The Squad was initially composed of four members elected in the 2018 United States House of Representatives elections: Alexandria Ocasio-Cortez of New York, Ilhan Omar of Minnesota, Ayanna Pressley of Massachusetts, and Rashida Tlaib of Michigan. The grouping expanded to six following the 2020 United States House of Representatives elections, with newly elected Jamaal Bowman of New York and Cori Bush of Missouri joining. Following the 2022 elections, the squad grew to nine with the addition of Greg Casar of Texas, Summer Lee of Pennsylvania, and Delia Ramirez of Illinois. After the 2024 elections, the group reduced to seven, as Bowman and Bush were defeated in their primaries and left at the beginning of the 119th Congress.

The Squad's members have been supported by the Justice Democrats political action committee, and are on the left wing of the Democratic Party. Ocasio-Cortez, Pressley, Bush and Bowman were initially elected to Congress after unseating incumbents in primary challenges. All but Lee represent seats with Cook Partisan Voting Index scores of at least D+20. Geographically, all but the Texan Casar hail from the Midwestern United States or Northeastern United States. All but Omar, Pressley, and Ramirez are currently or formerly affiliated with the Democratic Socialists of America.

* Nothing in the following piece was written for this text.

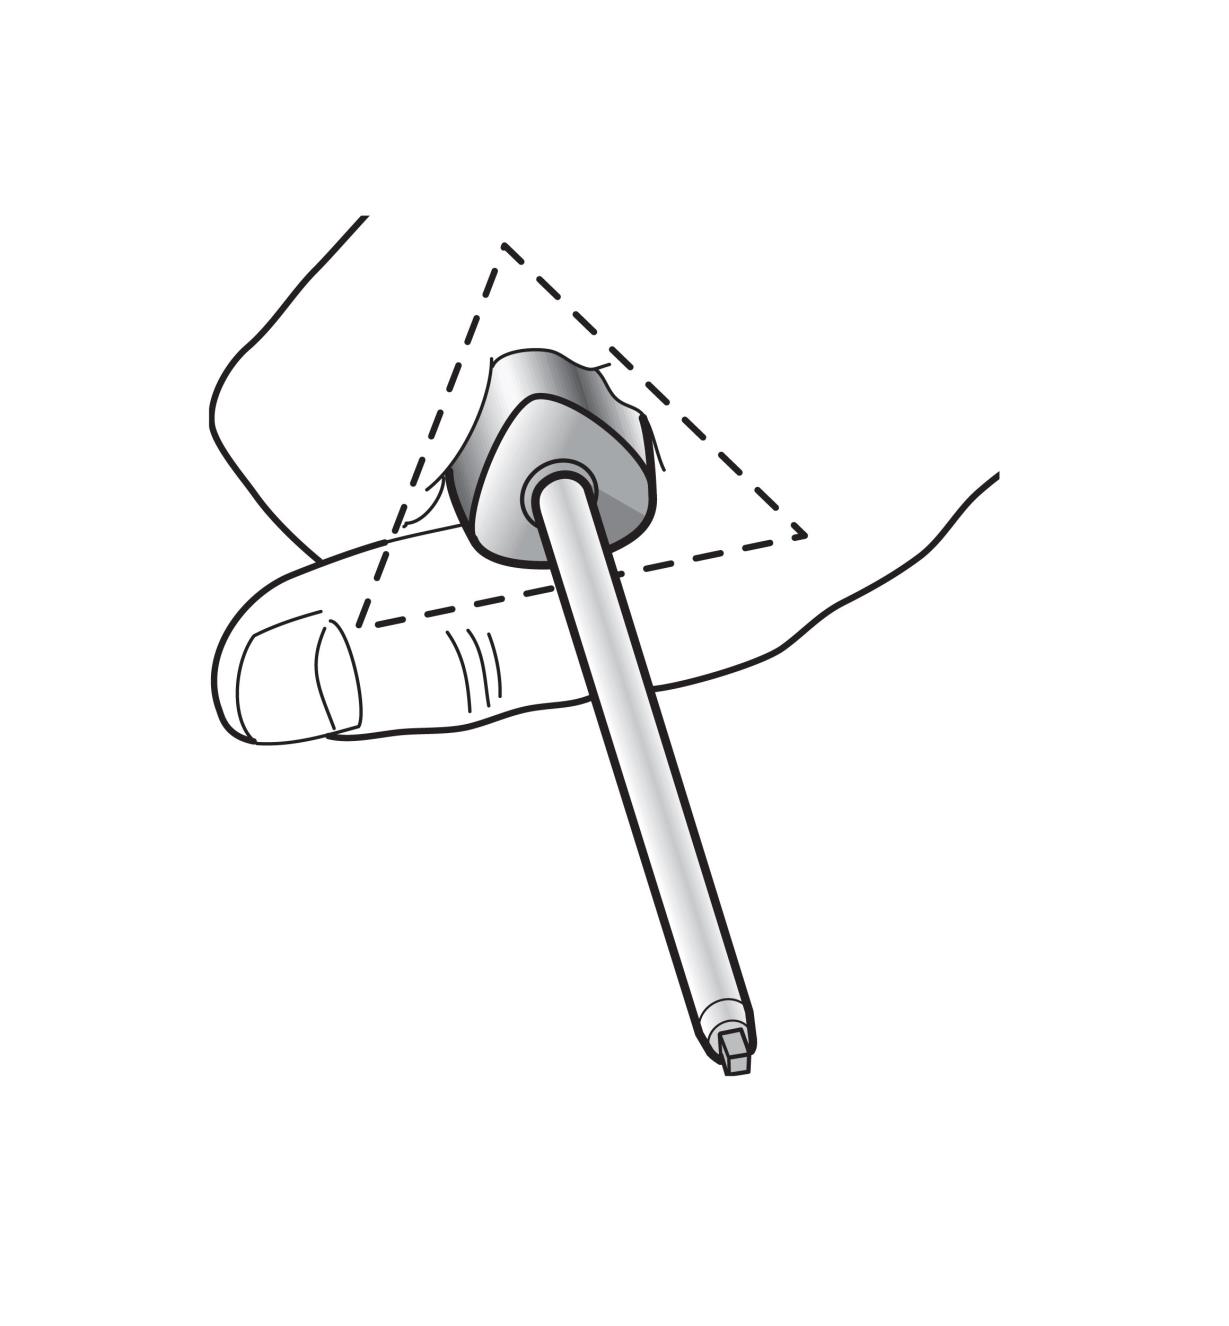 Illustration shows how the screwdriver handle fits in a closed hand

The Squad has been said to represent the advocacy of progressive policies such as Medicare for All, the Green New Deal, and tuition-free college, which the party leadership may not support. Ocasio-Cortez coined the name "Squad" in an Instagram post a week after the 2018 election. The photo, taken at a VoteRunLead event where the four founding members spoke, subsequently went viral. The grouping has since officially adopted the moniker by launching the Squad Victory Fund, a political action committee.

==Name==
The colloquial use of the word "squad" arose from East Coast hip hop culture and describes "a self-chosen group of people that hope you want to identify with them". Its use by Ocasio-Cortez signaled familiarity with millennial slang as a playful reference to youth social cliques. Hip-hop originated in her home borough, The Bronx. Musical acts with "Squad" in their names and lyrics have existed since the 1990s.

The New York Times considers the Squad sui generis, not fitting neatly into the usual congressional groups: the gang (a bipartisan group focused on particular legislation) or the caucus (a pressure group based on special interests). It notes that the term has a militaristic connotation, conveying values of self-defense, allegiance, and having "something important to protect". Some Republicans have used the moniker pejoratively, but the four original women use it to express solidarity among themselves and with supporters. For example, the Justice Democrats quoted Pressley saying: "We are more than four people... Our squad includes any person committed to creating a more equitable and just world." Before new members joined the original 2018 elected members, President Trump referred to the Squad as "AOC+3".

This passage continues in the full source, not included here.